RDC : la Monusco doit-elle partir ?
Confrontée à des manifestations réclamant son départ, la mission onusienne, longtemps chahutée sous Kabila, est désormais poussée vers la sortie par l’administration Tshisekedi. Vingt-trois ans après son arrivée au Congo, est-ce pour elle l’heure de plier bagages ?
30 août 2022 à 09:33
Par Romain Gras
Mis à jour le 30 août 2022 à 09:33
Matelas empilés sur la tête des manifestants, chaises portées à bout de bras, parfois même quelques imposants réservoirs d’eau en métal péniblement traînés sur une piste en terre… Ce mardi 26 juillet, l’une des bases de la Mission des Nations unies (Monusco) à Goma est prise d’assaut. La foule paraît organisée. Elle est surtout mécontente. Voilà plusieurs jours que la colère contre les Casques bleus s’est remise à gronder.
Avec son budget dépassant chaque année le milliard de dollars et ses quelque 14 000 soldats et policiers chargés, notamment, de protéger les civils, la Monusco est régulièrement accusée d’inefficacité face aux groupes armés. Elle se prépare depuis plusieurs jours à cette nouvelle vague de manifestations. Elle a même adressé une correspondance au ministère des Affaires étrangères, le 18 juillet, pour alerter contre « le risque d’actes hostiles contre le personnel et les installations de la Monusco » à la suite de discours émanant de « représentants de l’État » ou « de figures publiques ». Trois jours plus tôt, Modeste Bahati Lukwebo, le président du Sénat, l’un des trois principaux personnages de l’État, avait profité d’une visite dans le Nord-Kivu et dans le Sud-Kivu (Est) pour appeler la mission « à plier bagage ». Comme d’autres, il est accusé d’avoir jeté de l’huile sur le feu.À LIRERDC : faut-il en finir avec la Monusco ?
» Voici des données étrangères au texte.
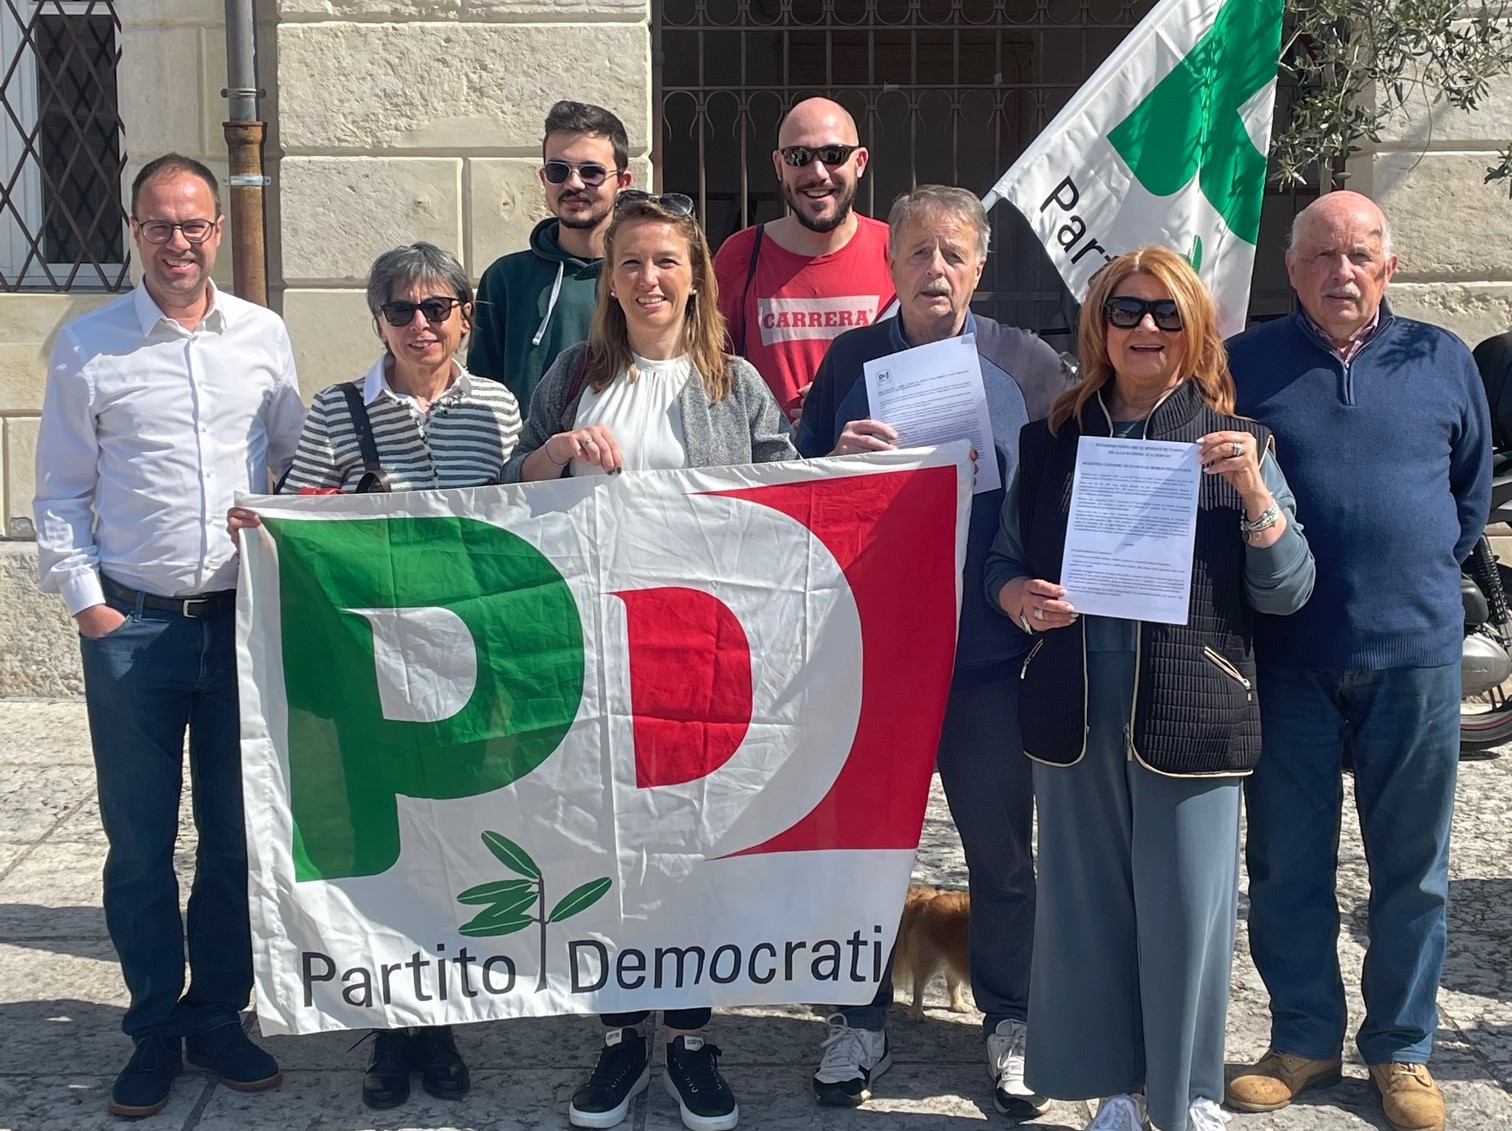 Partito Democratico, una petizione a Sboarina per fermare Borgo degli Ulivi a Quinzano

Parmi les diplomates, plusieurs s’interrogent sur la tournure particulièrement violente qu’ont pris ces événements. Leur ampleur a surpris et contraste avec celle des marches organisées par la société civile. « Les enquêtes préliminaires montrent que les manifestations visant la Monusco n’étaient pas spontanées, mais plutôt bien organisées et coordonnées », note à ce titre le groupe d’experts de l’ONU dans son rapport confidentiel du mois de juillet, que Jeune Afrique a consulté. Un haut cadre de la Monusco va jusqu’à affirmer que « selon des éléments à disposition de la mission, les cortèges étaient infiltrés par des membres de groupes armés ». Mais « n’évoquer que le spectre d’une manipulation des élites revient à ignorer toute une partie du problème », estime un élu de l’Est.
« Certains politiciens sous pression ont instrumentalisé la situation. Mais il faut aussi que la Monusco revoie sa copie, tranche Juvénal Munubo, député de Walikale, dans le Nord-Kivu. Il existe une exaspération légitime au sein de la population qui ne comprend pas qu’une mission aussi coûteuse produise aussi peu de résultats face aux groupes armés.”
Retrait anticipé ?
D’Uvira à Butembo en passant par Goma, les manifestations se sont succédé ces dernières semaines, tournant souvent au pillage d’installations onusiennes et faisant 36 morts, dont 4 Casques bleus. Le climat, déjà extrêmement tendu, a été aggravé par un incident, ce 31 juillet, au poste-frontière de Kasindi, où des soldats de la brigade d’intervention de la Monusco (FIB) ont ouvert le feu, tuant 3 personnes.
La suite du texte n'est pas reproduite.